The government closed Kim's Vietnamese church, and imprisoned the pastor for six years. Later, Kim was sent to Cuba to attend university. There she met Toan, another Vietnamese student, and they were married September 11, 1992 in Havana. For their honeymoon, the Vietnamese government allowed Kim and Toan to go to Moscow. On the return trip, the couple made a spur-of-the-moment decision to defect during a fuel stop in Gander, NF.
A friend in Cuba had given Kim a name in Canada: Nancy Pocock. With this single contact, a small purse and her camera, Kim and Toan began their new lives.
"We didn't have anybody at all, no money, no friends, no clothes, not even knowledge about Canada, I have nothing.

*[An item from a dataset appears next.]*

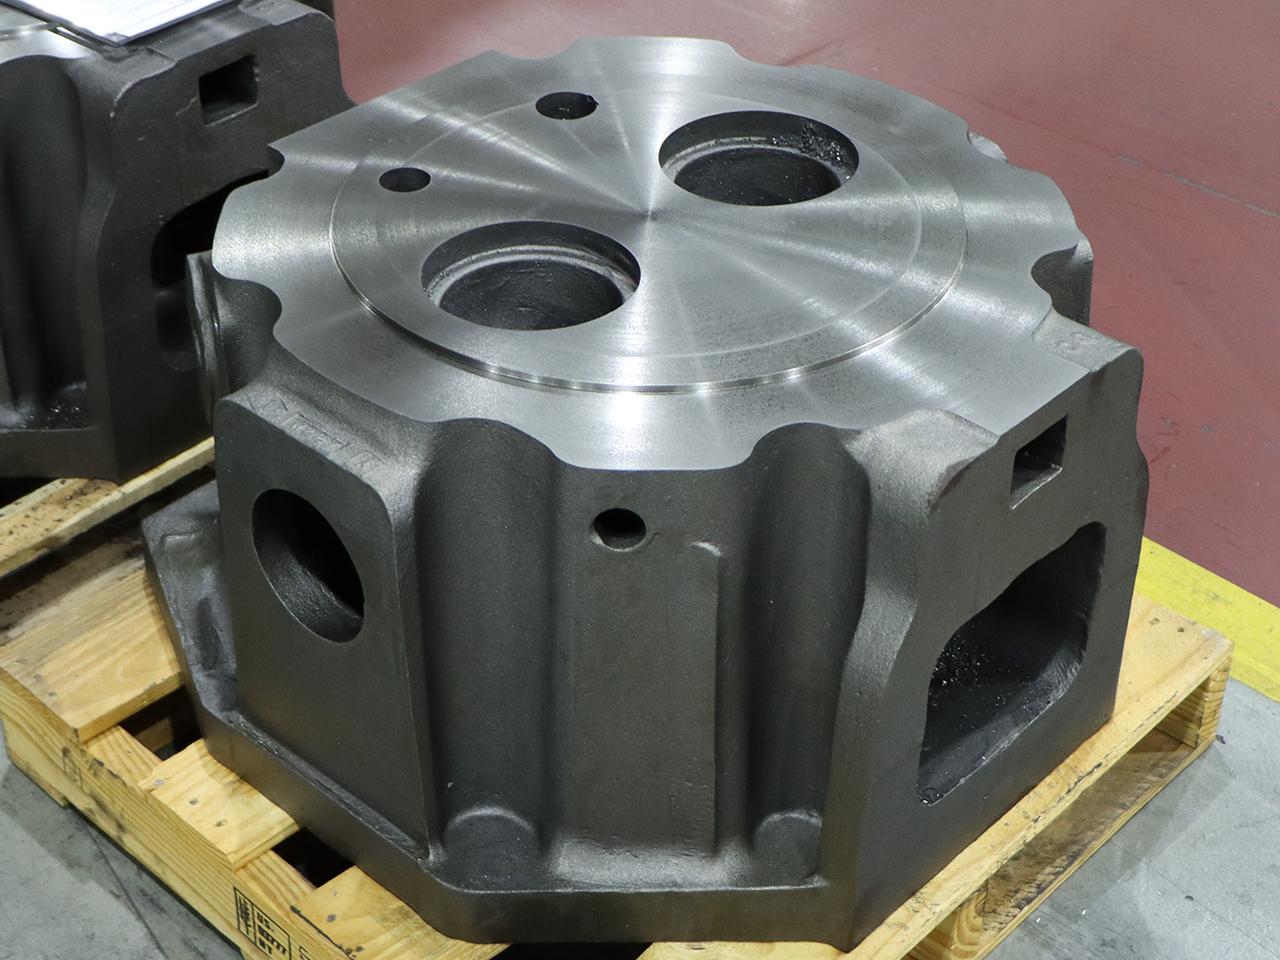 Ingersoll Rand KVS Dual Exhaust Power Head

But I thank God I have faith, and he brought me to the right person to help me," Kim says.
Kim describes Pocock as "a wonderful lady" who helped people from other countries wanting to live in Canada. When Pocock, a Quaker from the Toronto area, found out Kim was the "girl in the picture," she was elated. "She was so happy, because she knew that picture. Because of that picture, she stood against the Vietnam War. I said, 'You know, that little girl is me.'"
When Kim speaks of Pocock, her voice chokes up. Pocock, who Kim still calls 'Mom,' died two years ago. "She had such wonderful compassion and she just helped. She doesn't care about who you are, which country you're from, what you do, no political ideas, nothing. She just cared."
"My dream was I just wanted to have freedom, go to school, find a job and build my family like everyone else, and to escape the famous picture that cost my life so much," Kim recalls. After some time, however, she brought an idea to Pocock. "I said, 'Mom, I want to work on that picture, now I have freedom, I can say no, I can say yes, that is a big difference.' Mom said, 'Oh, at the beginning you said you don't want anybody to know you anymore, you say publicity is not good for you.' But I said, 'Mom, now is so different. Everybody knows that picture, but nobody know about what happened to that little girl. Now I can learn how to forgive those that caused me suffering. I want to share with people.'" Kim says Pocock opened doors for her to begin to realise this new dream.
Today, Kim is able to share how Christ helped her find forgiveness as she speaks around the world. She had read Luke 6:27-28 where Jesus says, 'Love your enemies, do good to them that hate you.' "I couldn't do it; I cried to God, 'How can I love my enemy? I'm a human being; I have so much pain, so much suffering, scars all over my body.' But I just prayed that God would help me learn how to forgive my enemies and love them. Finally, I got it. It's not like a formula -- you make it, drink it, and then you have it. I have to pray daily, working on that, casting all to God. But since he cleaned my heart, I feel free from anger, hatred, bitterness, no more fear anymore." Kim says she tells her mother, "Mommy, that little girl, she's not running anymore, she's flying."
"Psalm 118:17 says, 'I shall not die, but live to declare the works of the Lord,'" Kim says. "God let me be alive; he helped me to forgive. Because of his love, I really believe he can use me beyond that picture. I don't have everything, but I have something I can use for the Lord."
The Kim Foundation, with offices in Toronto, Montreal, and Chicago, is currently raising funds for the children of New York and Afghanistan. The Foundation also focuses on eradicating land mines, and funds hospital supplies, medication, prosthetic and orthopaedic devices, wheelchairs, and psychological and trauma therapy for children of war.